In addition to analyzing olive oil samples from different regions of Turkey, samples from Libya and the Middle East are also analyzed. Table 2 depicts the contents of these oils. The olive oil samples from the Middle East and Libya can be distinguished based on the fractions of linoleoyl acyl and oleoyl acyl. One of the samples from Jordan/Ibrid and the olive oil from Libya/Benghazi have closer percentages for all the acyls. On the other hand, one of the aims of this study is to analyze several samples from different regions of the same village to show the possibility of distinguishing olive oil samples even in a small area. For this purpose, Kurşunlu village of Bursa/Gemlik, with five samples, was selected (see Table 3).

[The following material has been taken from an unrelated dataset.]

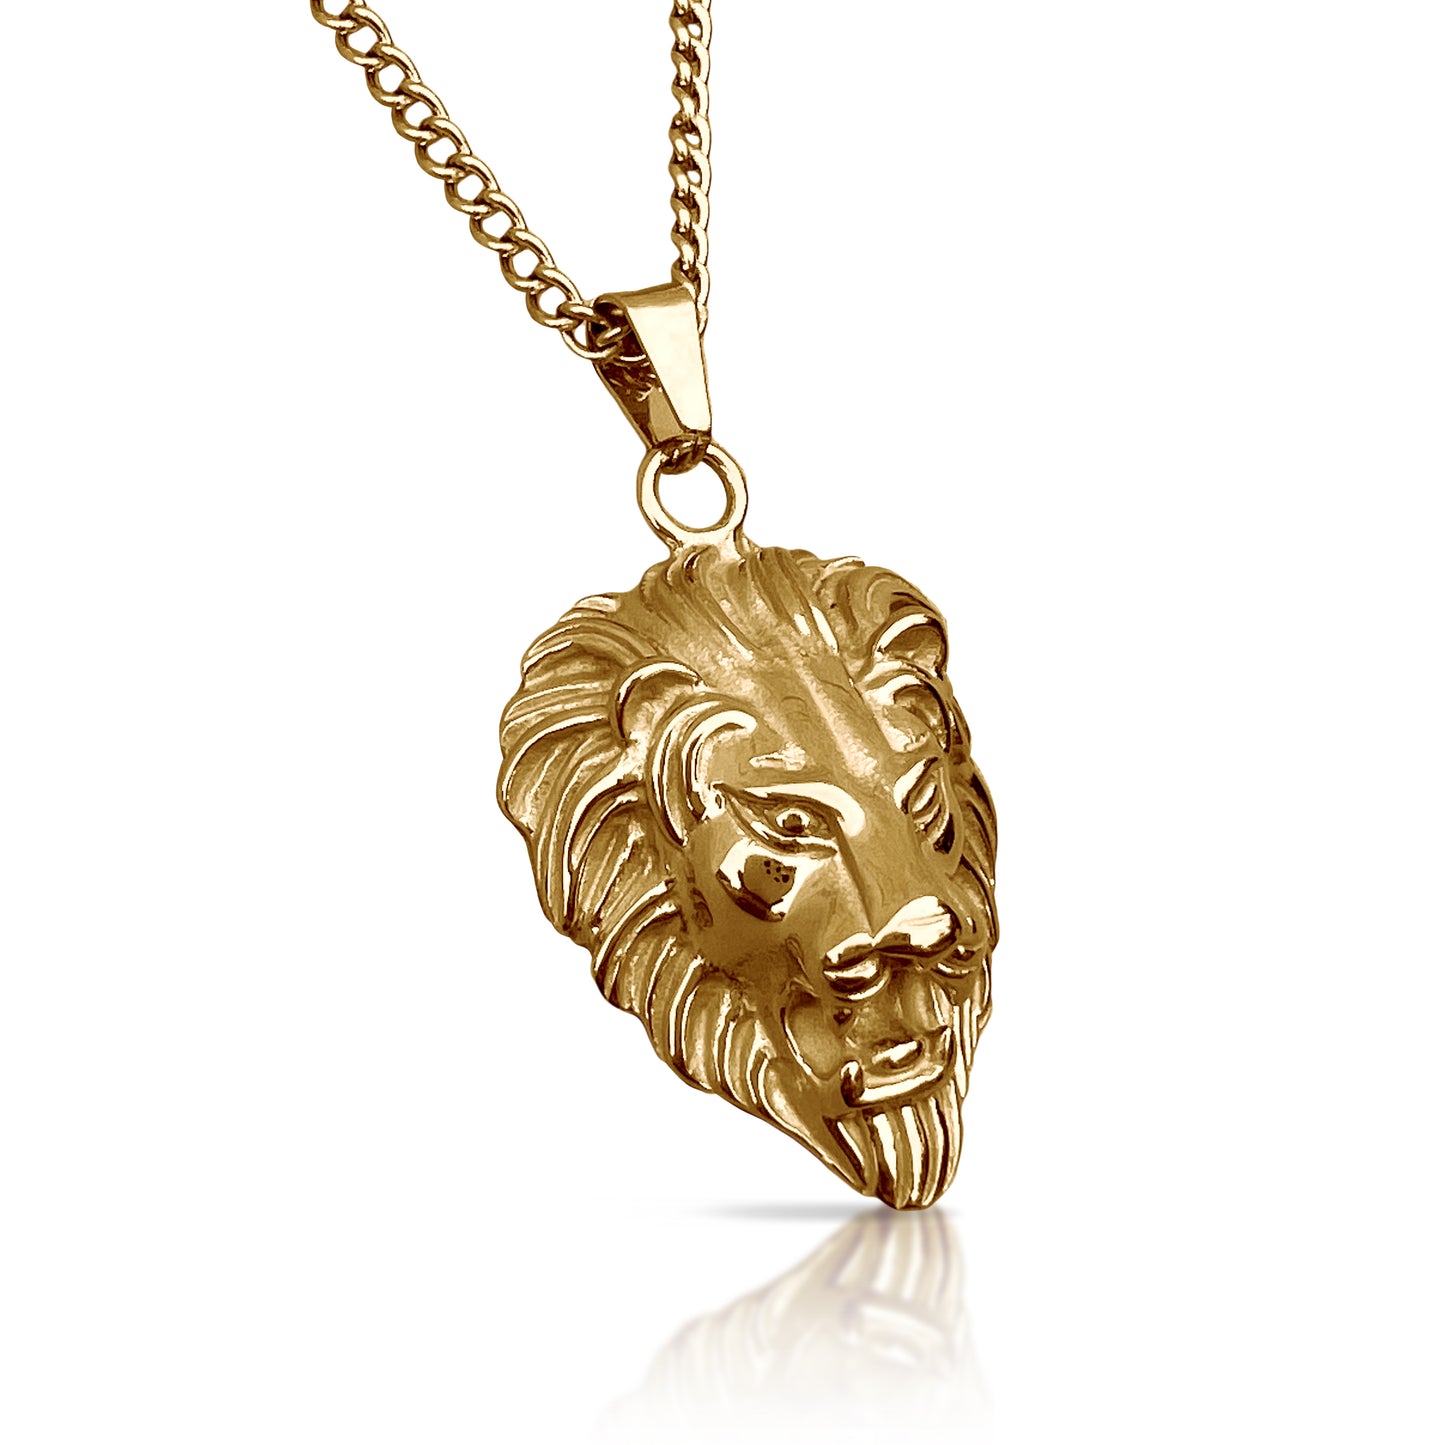 Lion Pendant With Chain Necklace - 14K Gold Plated Stainless Steel
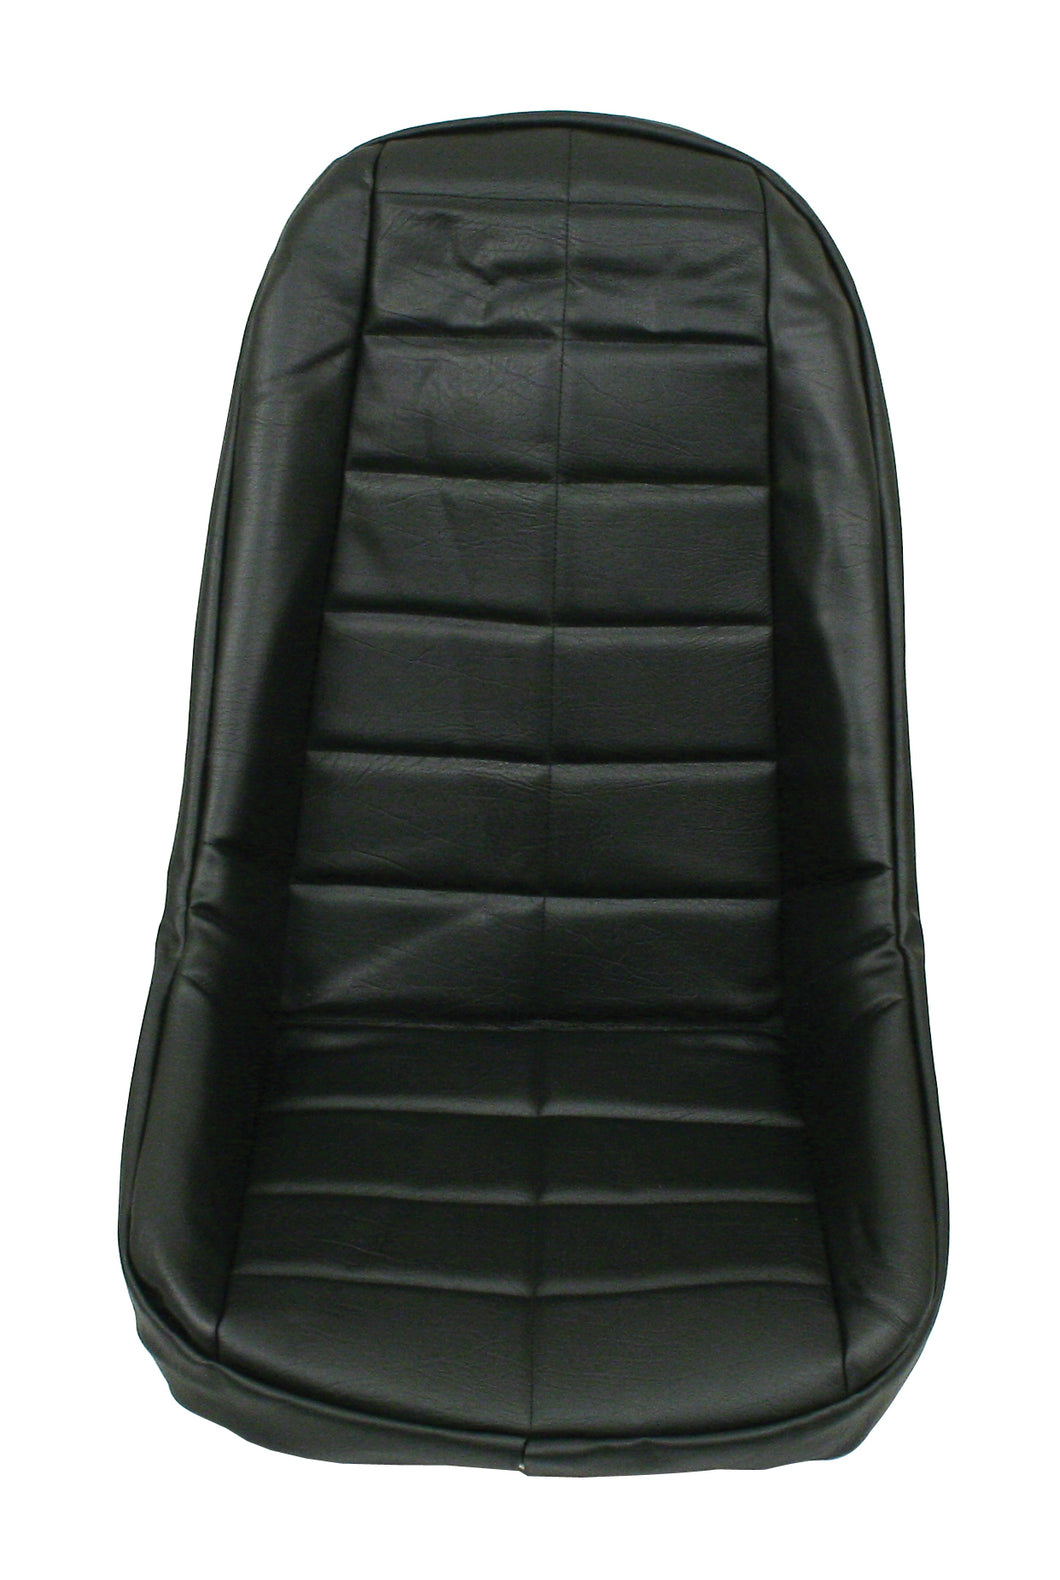 Empi Black Square Pattern Low Back Seat Cover - Each - 3882

Table 2. Percentage fraction of Ln (18:3), L (18:2), O (18:1), and S in olive oils from The Middle East and Libya
Country City Ln L O S
Palestine 1.4±0.1 9.2±0.2 69.6±0.3 19.8±0.3
Palestine Kufr 1.4±0.1 6.4±0.2 72.3±0.9 19.9±1.0
Jordan Ibrid (1) 1.5±0.1 8.8±0.4 72.8±0.9 17.0±1.2
Jordan Ibrid (2) 1.6±0.1 10.0±0.1 66.4±1.1 22.1±1.2
Jordan Jerash 1.4±0.1 4.5±0.2 77.5±1.2 16.6±1.3
Libya Benghazi 1.7±0.1 9.9±0.4 66.3±0.8 22.1±0.8
Table 3. Percentage of Ln (18:3), L (18:2), O (18:1), and S in olive oil samples from the Kurşunlu village of Bursa/Gemlik
Percentage fraction of fatty acyl components in olive oils
Village Region Date Ln L O S
Kurşunlu Sea Level (1) 12/20/2010 1.3±0.1 15.0±0.3 66.7±0.8 17.0±0.9
Kurşunlu Sea Level (2) 11/27/2010 1.4±0.1 16.6±0.2 66.8±1.1 15.1±1.1
Kurşunlu Hillside (1) 12/23/2010 1.4±0.1 7.5±0.2 75.2±1.1 16.0±1.2
Kurşunlu Hillside (2) 11/23/2010 1.7±0.1 6.0±0.3 73.2±1.0 19.2±1.1
Kurşunlu Hillside (3) 11/15/2010 1.5±0.1 10.1±0.4 69.0±1.1 19.4±0.9

The one-dimensional 1H NMR spectra are also analyzed for the determination of minor constituents. The common peaks with low intensity arising from minor components are at 0.67 ppm, 0.99 ppm, 1.66 ppm, 1.87 ppm (excluding the olive oil from Palestine), 2.15 ppm, 2.42 ppm, 2.79 ppm, 3.62 ppm, 3.71 ppm. There is a peak at 1.77 ppm observed only in the spectra of Balıkesir (Gömeç) (1), Balıkesir (Altınova) (2), İzmir (Bağyurdu Erbiller, Bayındır, Kemalpaşa, and Torbalı), Manisa (Kırkağaç), Gaziantep, Artvin (Yusufeli), and Libya (Benghazi). This signal was also observed in the 1H NMR spectra of olive oils from Lazio and Campania in Italy, but not clarified (Alonso-Salces et al., 2010a). This resonance at 1.77 ppm is attributed to erythrodiol (Altun and Ok, 2012). There are also four interesting signals observed in the spectra of Bursa (Gemlik), İzmir (Torbalı), Manisa (Kırkağaç), Hatay (Samandağı) olive oils at 3.50 ppm, 3.13 ppm, 3.31 ppm, and 3.02 ppm, respectively. The signal at 3.50 ppm is attributed to stigmasterol, campesterol, β-sitosterol (the sterol fraction), while the other 3 peaks were de-shielded with respect to the fatty acid peaks arising from alcoholic fractions such as cycloartenol and erythrodiol (Alonso-Salces et al., 2010b).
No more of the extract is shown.